Gene disorders

Gene mutations can be either inherited from a parent or acquired. A hereditary mutation is a mistake that is present in the DNA of virtually all body cells. Hereditary mutations are also called germline mutations because the gene change exists in the reproductive cells (germ cells) and can be passed from generation to generation, from parent to newborn. Moreover, the mutation is copied every time body cells divide.

Acquired mutations, also known as somatic mutations, are changes in DNA that develop throughout a person’s life. In contrast to hereditary mutations, somatic mutations arise in the DNA of individual cells; the genetic errors are passed only to direct descendants of those cells.

Dominant gene disorders

In dominant gene disorders, there’s a 50-50 chance a child will inherit the gene from the affected parent and have the disorder. Dominant gene disorders include:

  • achondroplasia, a rare abnormality of the skeleton causing shorter-than-normal arms and legs
  • Huntingdon disease, a disease of the nervous system that causes neurologic deterioration affecting people in their 30s and 40s

Recessive gene disorders

Because there are so many genes in each cell, everyone carries some abnormal recessive genes, but most people don’t have a defect because the normal gene overrules the abnormal one.

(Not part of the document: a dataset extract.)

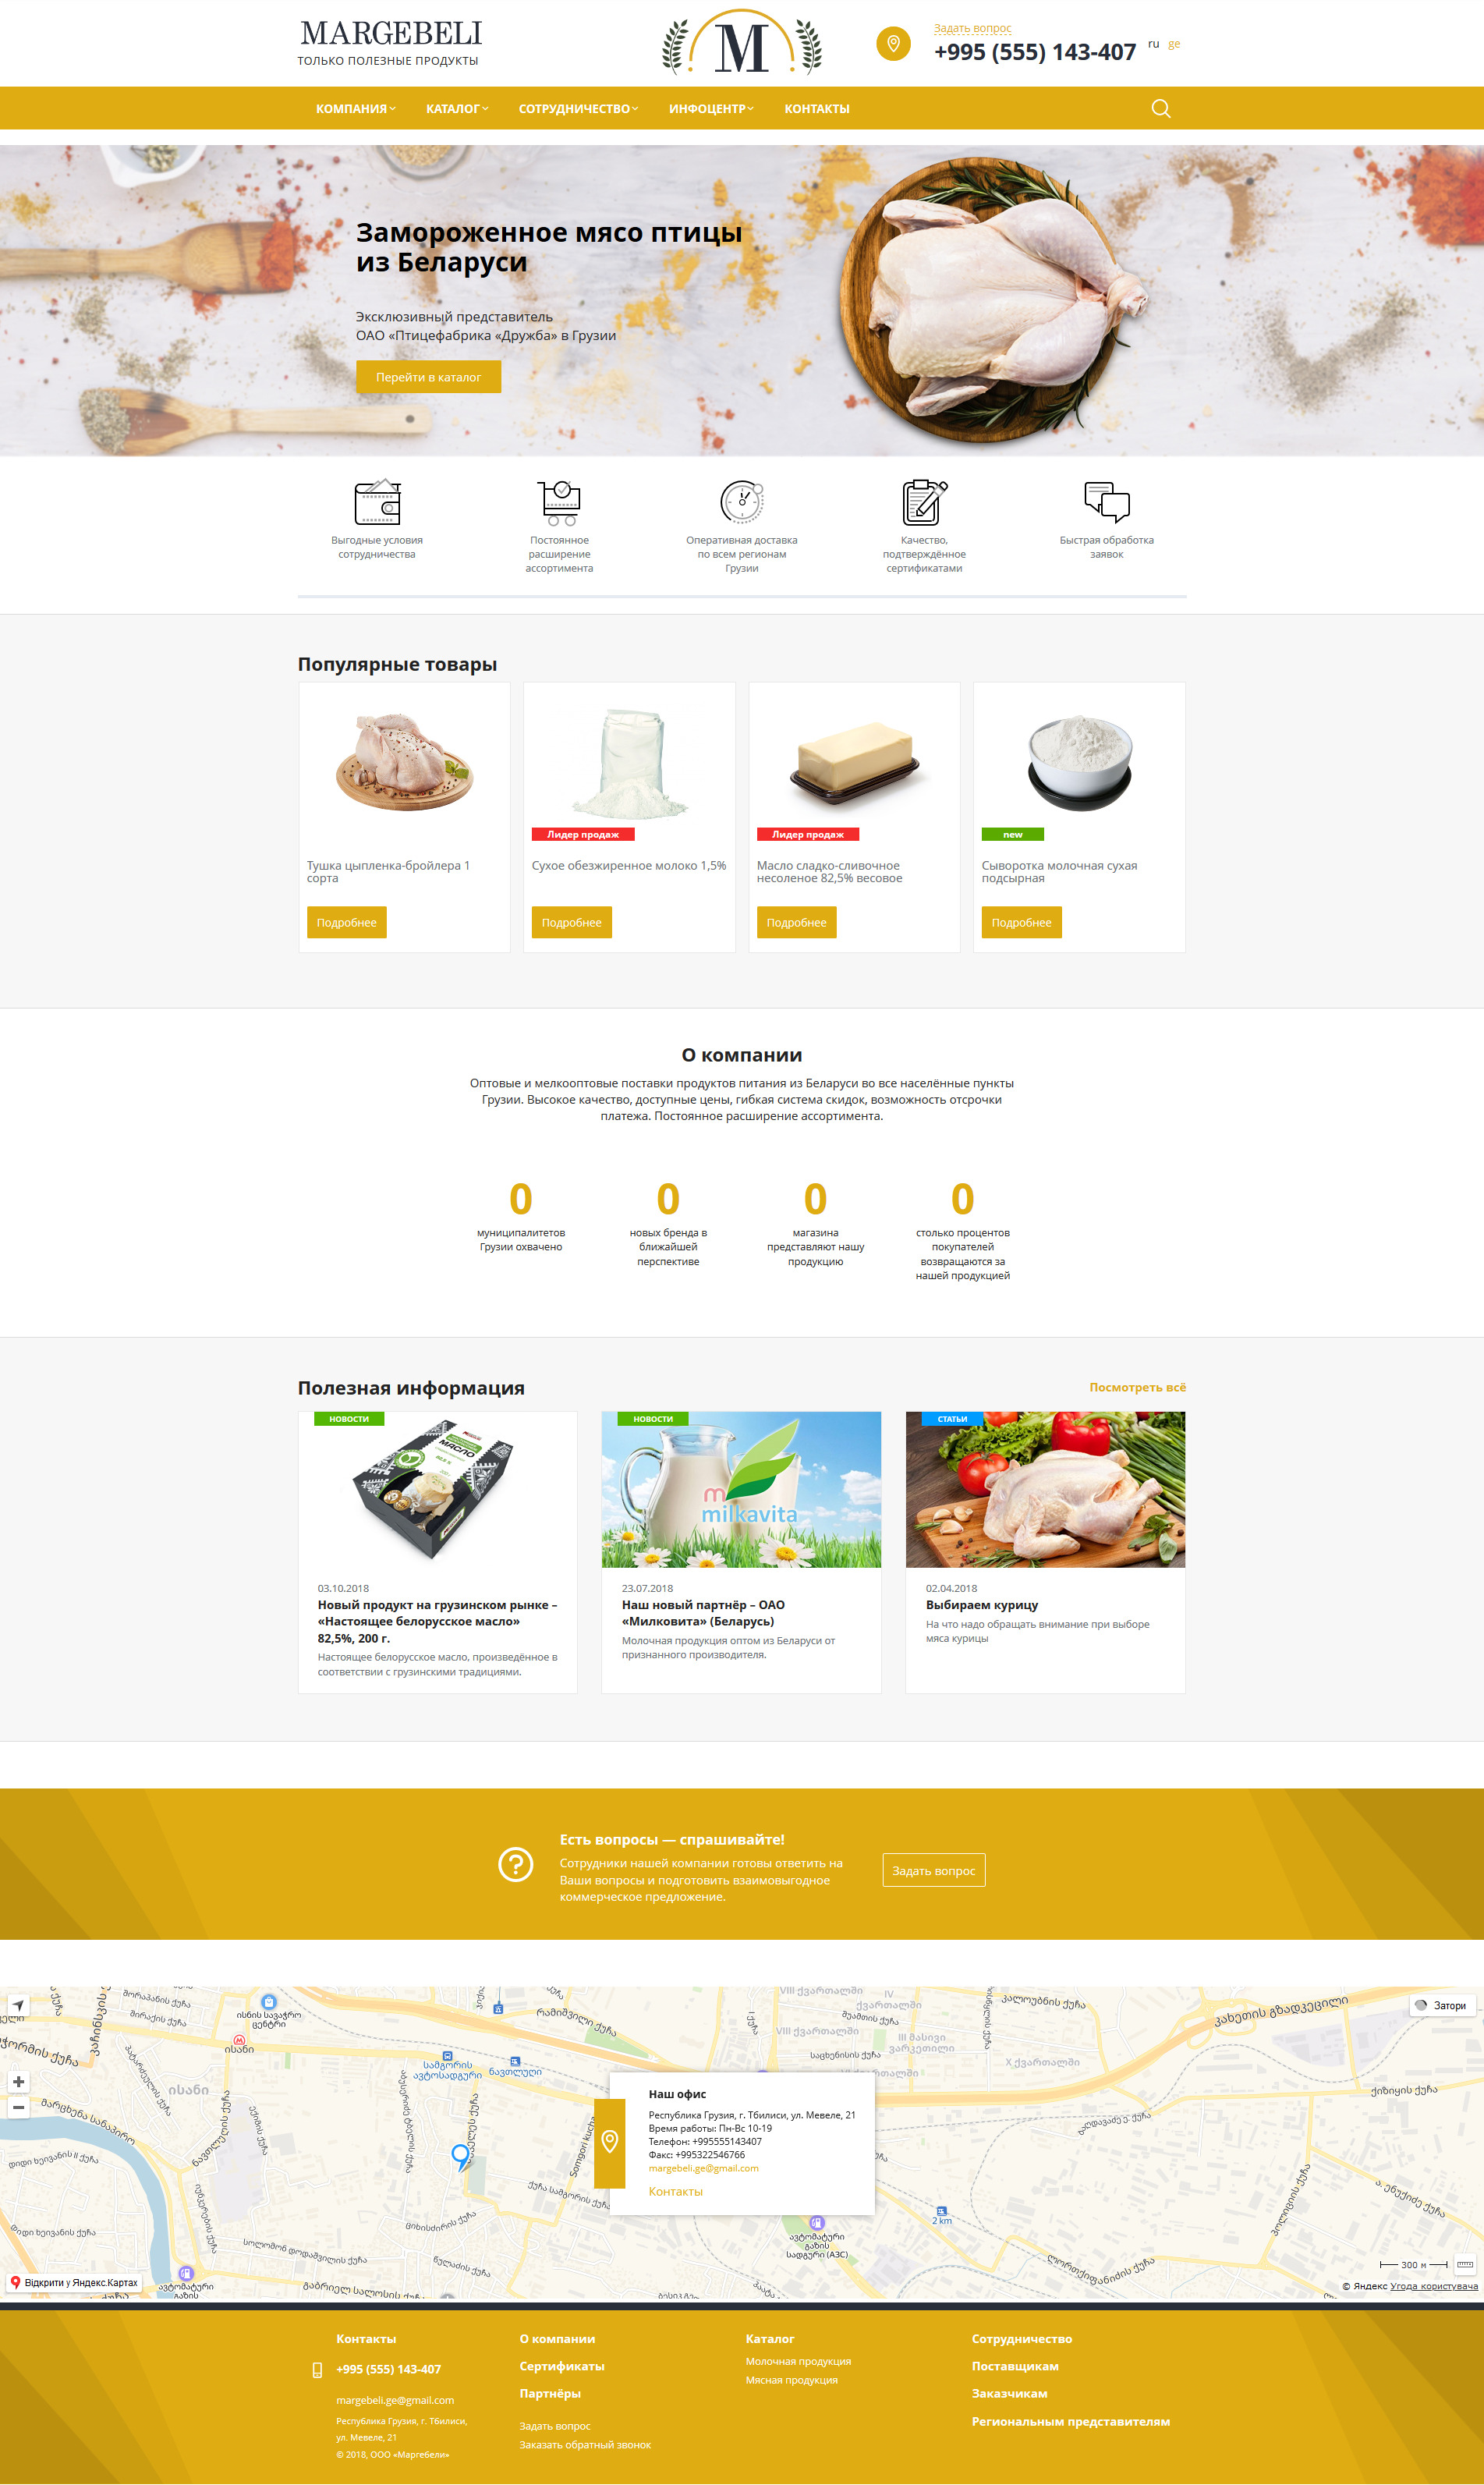 Разработка Корпоративного сайта для поставщика продуктов питания из РБ

But if a fetus has a pair of abnormal recessive genes (one from each parent), the child will have the disorder. It’s more likely for this to happen in children born to certain ethnic groups or to parents who are blood relatives. Recessive gene disorders include:

  • cystic fibrosis  : a disease that causes the respiratory system to produce thick mucus that clogs the lungs
  • sickle cell disease : a disease where red blood cells form a “sickle” shape, rather than the typical donut shape, get caught in blood vessels, and cut off oxygen to tissues
  • Tay-Sachs disease : a disorder causing mental retardation, blindness, seizures, and death
  • beta thalassemia : a disorder causing anemia

X-linked disorders

These disorders are determined by genes on the X-chromosome of the pair of chromosomes that determine sex. These disorders are much more common in boys because the pair of sex chromosomes in males contains only one X-chromosome (the other is a Y-chromosome). If the disease gene is present on the one X-chromosome, the X-linked disease shows up because there’s no other paired gene to ‘overrule’ the disease gene. Hemophilia is one such X-linked disorder; people who have it lack a crucial clotting agent in their blood.

Chromosomal disorders

Some chromosomal disorders are inherited, but most are caused by a sporadic error in the genetics of the egg or sperm. The chance of a child having these disorders increases with the age of the mother. For example, according to the ACOG, one in 1,667 live babies born to 20-year-olds have Down syndrome; that number changes to one in 378 for 35-year-olds and one in 106 for 40-year-olds. Down syndrome causes mental retardation and physical defects.

Multifactorial disorders

This final category includes disorders that are caused by a mix of genetic and environmental factors. The frequency of these disorders varies from country to country; some can be detected during pregnancy. Multifactorial disorders include neural tube defects, which occur when the tube enclosing the spinal cord doesn’t form properly. Neural tube defects include spina bifida and anencephaly. Spina bifida is also called “open spine” and occurs when the lower part of the neural tube doesn’t close during embryo development, leaving the spinal cord and nerve bundles exposed. Anencephaly occurs when the brain and head don’t develop properly, with the top half of the brain being completely absent. Neural tube defects have been associated with inadequate intake of folic acid during the early part of pregnancy, among other factors.

Prenatal tests

Prenatal tests do several different things. They can identify:

  • treatable health problems in the mother that can affect the baby’s health
    characteristics of the fetus, including size, sex, age, and placement in the uterus
  • the chance that a baby has certain congenital, genetic, or chromosomal problems
  • certain types of fetal abnormalities, including heart problems

Some prenatal tests are screening tests and only reveal the possibility of a problem existing – they don’t provide a definitive diagnosis. Other prenatal tests are diagnostic in nature, which means they can determine with a fair degree of certainty whether a fetus has a specific problem. Many women whose screening tests reveal the possibility of an abnormality have healthy babies, but in the interest of making the more specific determination, the screening test may be followed by a more invasive – and riskier – diagnostic test.

The issue of prenatal testing is further complicated by the fact that approximately 250 birth defects can be diagnosed in an unborn fetus – many more than can be treated or cured. This raises the question of what a parent will do once a defect or problem is detected.